So hier ist mal mein experiment applet. So funktioniert es leider nicht. Es wird kein aktionlistener ausgeführt wenn ich auf die stelle klicke an der sich das GlassPane befinden sollte. Das JRootPane wird aber dagestellt. Klammere ich das JRootPane aus und teste es bei dem Applet (das was jetzt in kommentar steht funktioniert).


----------



## flashray (30. März 2006)

Hallo mrno,

ich muss dich leider enttäuschen. Die Methode getGlassPane liefert ein Objekt der Klasse Component. Diese unterstüzt keinen ActionListener. Da musst du einen der unterstützen Listener verwenden.

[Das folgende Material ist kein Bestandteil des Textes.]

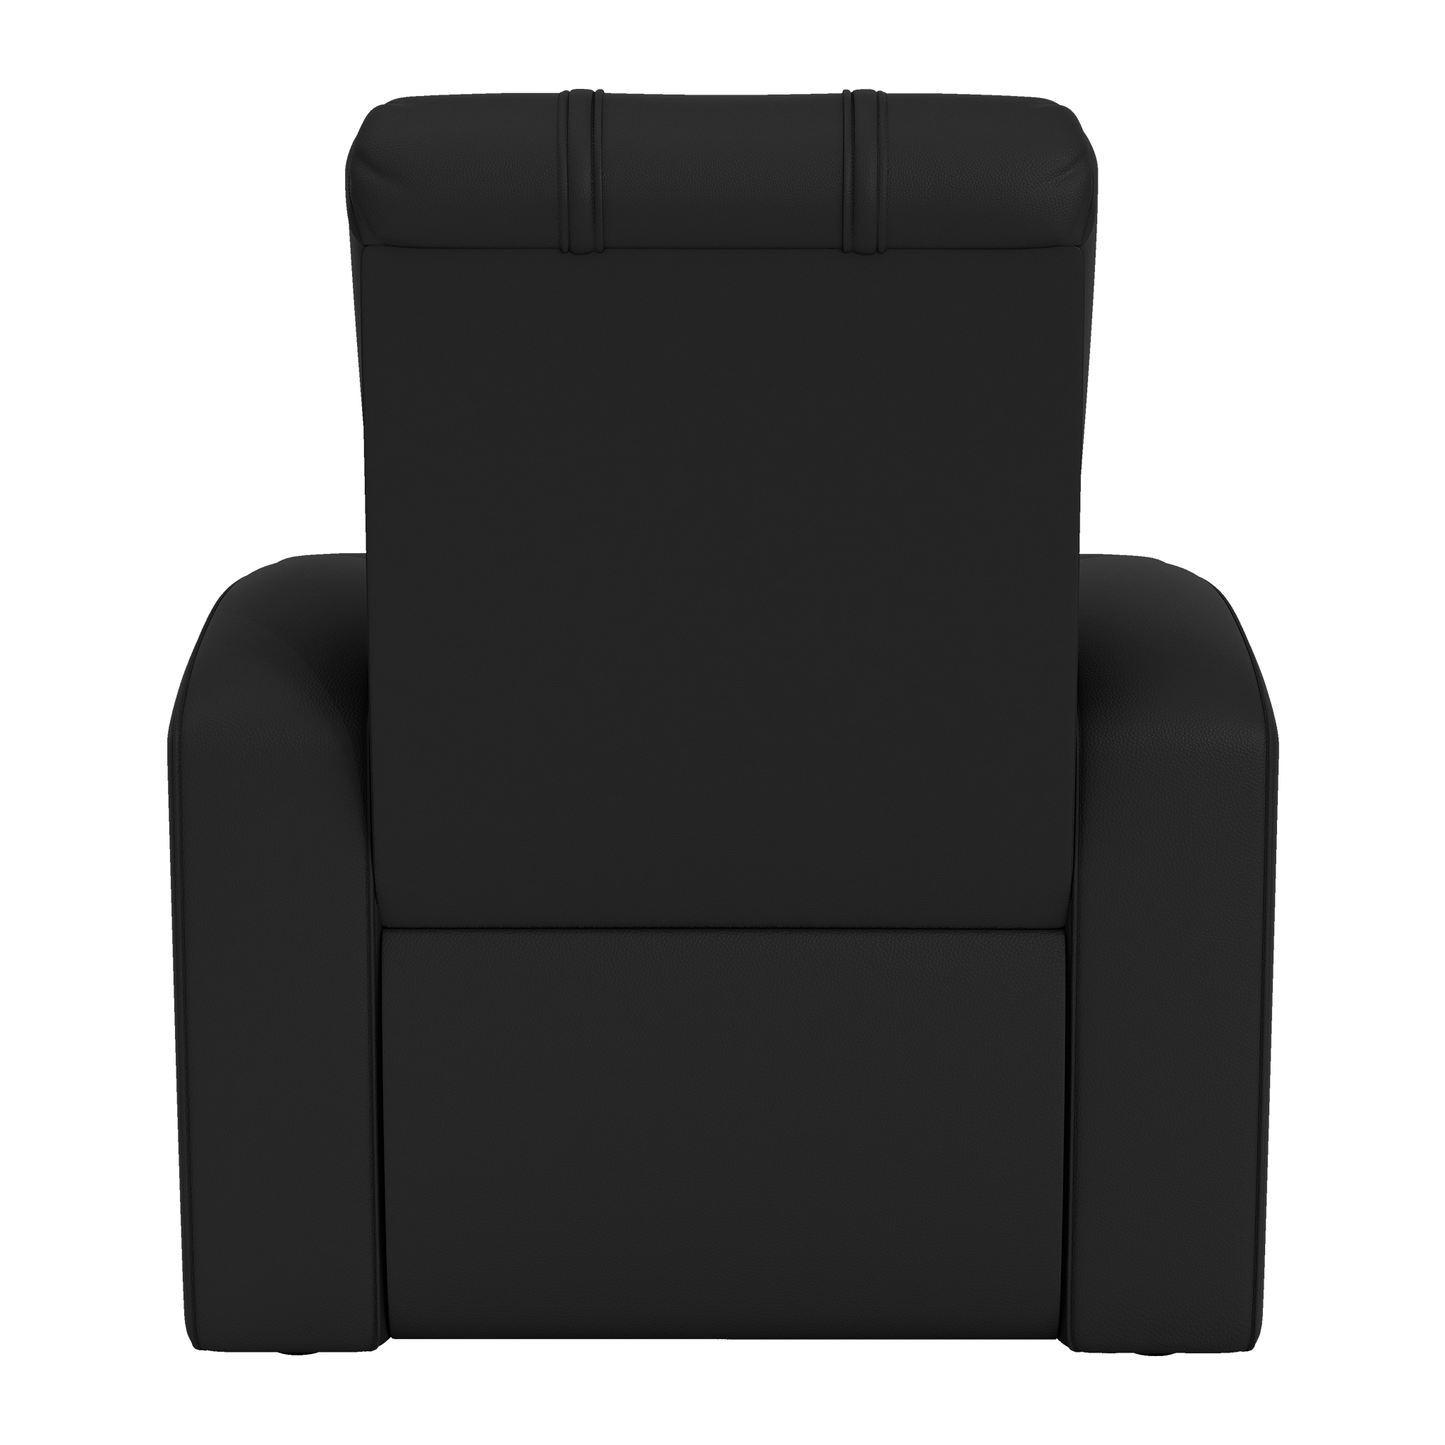 Relax Home Theater Recliner with Eastern Kentucky Colonels Logo

Zweitens, hast du gemeint ob man immer ein JFrame oder ein JApplet für ein GlassPane braucht. Es gibt keine eigenständige Komponente GlassPane. Ein JRootPane besteht aus einem LayeredPane und einer GlassPane. D.h. du brauchst auf jeden Fall ein RootPane. Schau dir bitte den folgenden Link an:
http://java.sun.com/j2se/1.4.2/docs/api/javax/swing/JRootPane.html

Da wirst du ein Bild sehen, in der alle Komponenten aufgeführt sind, welche ein JRootpane enthalten. Das sind dann JFrame, JWindow, JDialog und andere.

Fazit: Enweder du verwendest ein JRootPane oder eines der Komponenten welche ein Rootpane schon intern haben, um zugriff auf eine GlassPane zu haben. Du müsstest einen anderen Listener verwenden, denn der ActionListener wird hier nicht unterstüzt.


Darf man auch eine Kostprobe deines SuperDuperMenüs sehen. Oder ist der QuellCode streng geheim  .

Vg Erdal


----------



## mrno (30. März 2006)

@flashray




> Darf man auch eine Kostprobe deines SuperDuperMenüs sehen. Oder ist der QuellCode streng geheim  .



Das Problem ist das das Menü fest in einem browsergame(hab fertig) integriert ist (Es ist ein bisschen durcheinander). Wenn ich mal zeit habe, sortiere ich die klassen und mach ein standalone menü draus.

Hab meinen fehler gefunden danke für eure hilfe.


----------